The UMWA pension plan faces a shortfall after being hit hard by the financial crisis a decade ago, as well as for having fewer active workers contributing to it as the U.S. coal mining sector continues to shrink.
But it is underfunded also because other coal companies have shed their pension obligations through bankruptcy. Among the billions of dollars of debt Murray Energy wants to restructure — or get rid of entirely — are its contributions to the pension plan. Excluding one of its subsidies that is not part of the bankruptcy proceedings, Murray Energy has about $2.7 billion in funded debt, as well about $8 billion in actual or potential obligations to fund pension and benefit plans, according to court filings.

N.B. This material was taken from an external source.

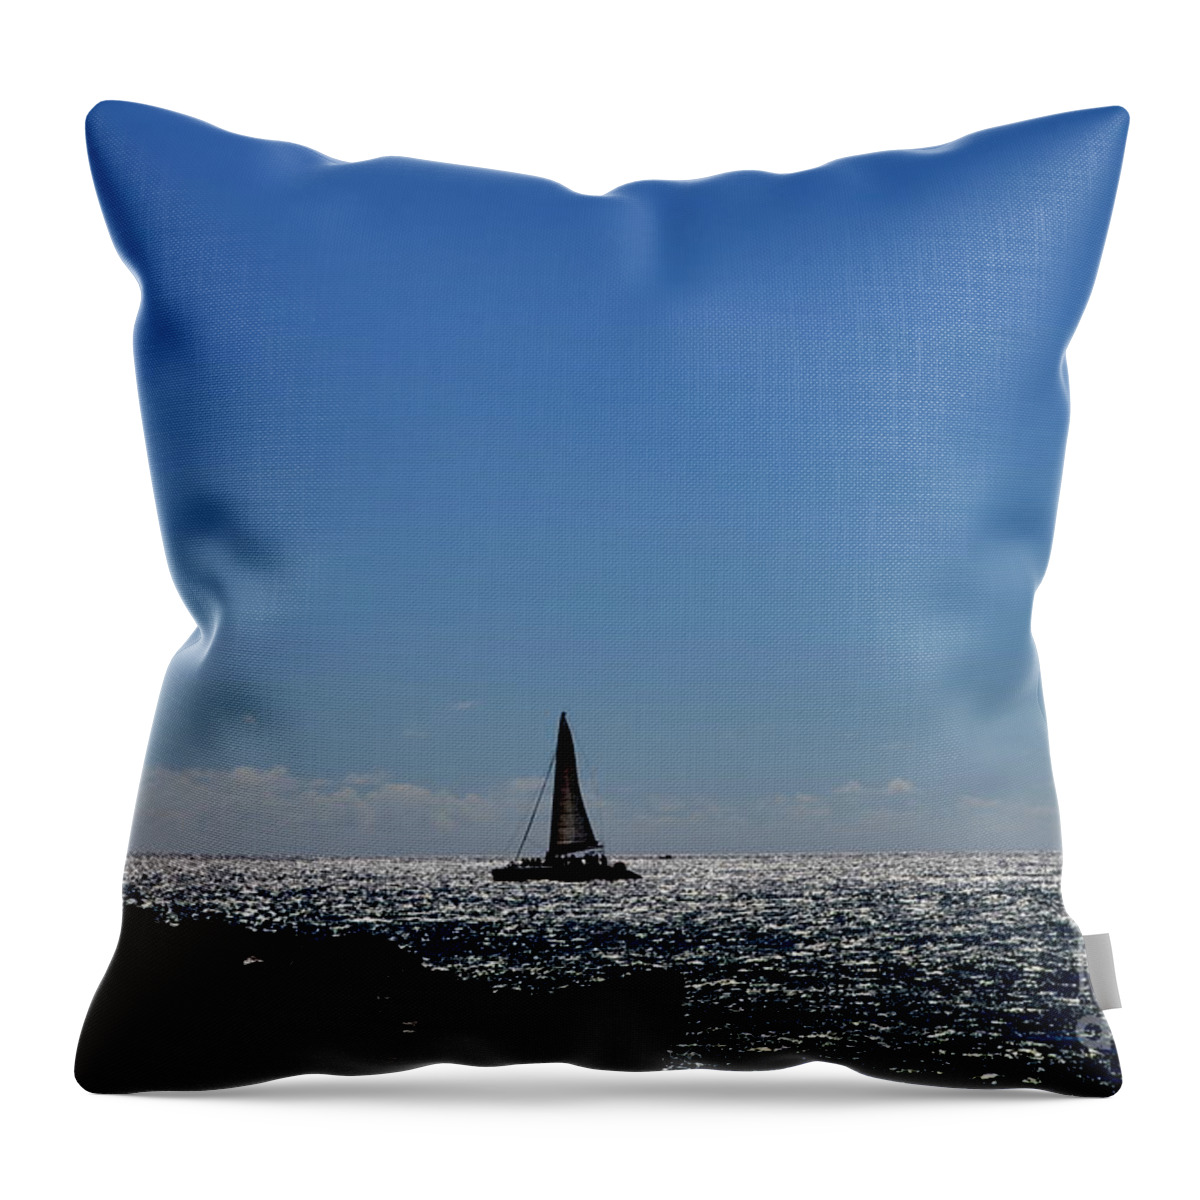 Glass Beach Throw Pillow featuring the photograph Evening Sail Off Glass Beach Kauai Hawaii by Mary Deal

Robert Moore, the company’s new CEO, hinted in a court filing that Murray Energy may seek relief from its pension obligations.
“Murray’s employees are its lifeblood… Nonetheless, the cost of servicing its funded debt, together with the myriad of obligations Murray has to current and former employees, including to a pension fund that has been abandoned by other employers, have substantially reduced liquidity,” Moore wrote to the bankruptcy court. a court filing.
If Murray Energy is able to shed its pension obligations, the fund will be insolvent by 2020, according to Sen. Joe Manchin III (D-W.Va.). The money was previously projected to dry up by 2022.
Manchin and some other senators, including Republicans Shelley Moore Capito (W.Va.) and Rob Portman (Ohio), have pushed for legislation that would transfer certain federal funds into the pension plan.
“We’re talking about 82,000 miners who are going to lose their pensions, and we’re fighting this,” Manchin, whose state is home to large Murray Energy operations, said in a radio interview on West Virginia MetroNews on Tuesday.
But the idea of the federal government bailing out the union miners has divided Senate Republicans. Other budget-minded senators from coal-mining states, such as Mike Enzi (R-Wyo.), have objected to using federal appropriations to bail out a private pension plan.
Standing in the middle of that divided Republican caucus is the most powerful coal-state senator of all: Senate Majority Leader Mitch McConnell (R-Ky.)
Manchin accuses McConnell of “still sitting on” his bill. McConnell met with UMWA members from Kentucky earlier this year and shares their concerns about the potential insolvency, according to McConnell spokesman Robert Steurer. While his office added that McConnell “supports the ongoing process to find a bipartisan solution for pension reform,” it did not commit to bringing any particular legislation to the floor.